Macksey’s book collection clocked in at 51,000 titles, according to his son, Alan, excluding magazines and other ephemera. A decade ago, the most valuable pieces — including first editions of “Moby Dick,” T.S. Eliot’s “Prufrock and Other Observations,” and works by Wordsworth, Keats and Shelley — were moved to a “special collections” room on the Hopkins campus. After Macksey’s death, a SWAT team-like group of librarians and conservationists spent three weeks combing through his book-filled, 7,400-square-foot house to select 35,000 volumes to add to the university’s libraries.

Surprise discoveries included an 18th-century Rousseau text with charred covers (found in the kitchen), a “pristine” copy of a rare 1950s exhibition catalog showing Wassily Kandinsky’s paintings, posters from the May 1968 protests when students in Paris occupied the Sorbonne, a hand-drawn Christmas card from filmmaker John Waters, and the original recordings of the theorists at that 1966 structuralism conference.

“For years, everyone had said ‘there’s got to be recordings of those lectures.’ Well, we finally found the recordings of those lectures. They were hidden in a cabinet behind a bookshelf behind a couch,” said Liz Mengel, associate director of collections and academic services for the Sheridan Libraries at Johns Hopkins. Several first editions by 20th-century poets and novelists sat on a shelf in the laundry room.

After the librarians from Hopkins and nearby Loyola Notre Dame were finished selecting their donations, the remaining books were carted away by a dealer, so Macksey’s son could prepare the house to be sold.

The library image sidesteps all those details to evoke something more universal, said Ingrid Fetell Lee, the author of the Aesthetics of Joy, a blog about the relationship between decor and delight. “We’re attracted to the image, and we come up with all sorts of stories about who it might be and what it might be because we love to tell stories,” she said. “But what’s really driving the attraction is much more visceral.”

Fetell Lee pointed to the photo’s sense of abundance. “There’s something about the sensorial abundance of seeing lots of something that gives us a little thrill,” she said. Also relevant: the “satisfying” sense of organized chaos, and the awe inspired by the high ceilings.

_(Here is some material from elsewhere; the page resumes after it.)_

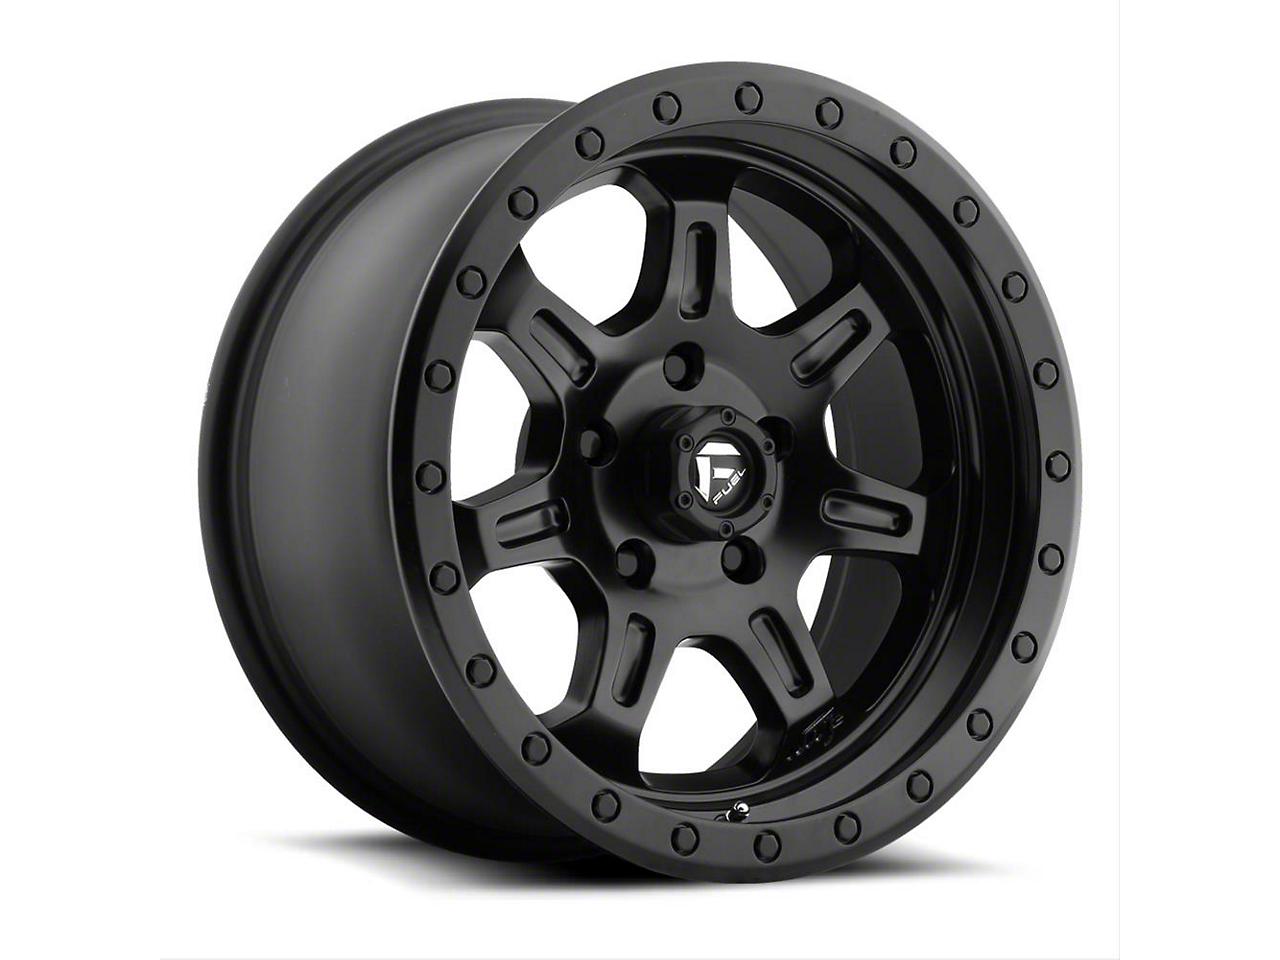 Fuel Wheels JM2 Matte Black 5-Lug Wheel - 17x8.5 (02-18 RAM 1500, Excluding Mega Cab)

Pictures of books and libraries are popular across social platforms. A representative from Instagram said that some of the top-liked posts on the platform that include the words “library” or “libraries” feature large quantities of books, a “cozy” aesthetic or a warmer color scheme.

What would Macksey think if he knew his library had taken on a life of its own? “My dad liked nothing better than sharing his love of books and literature with others,” Alan Macksey said. “He’d be delighted that his library lives on through this photo.”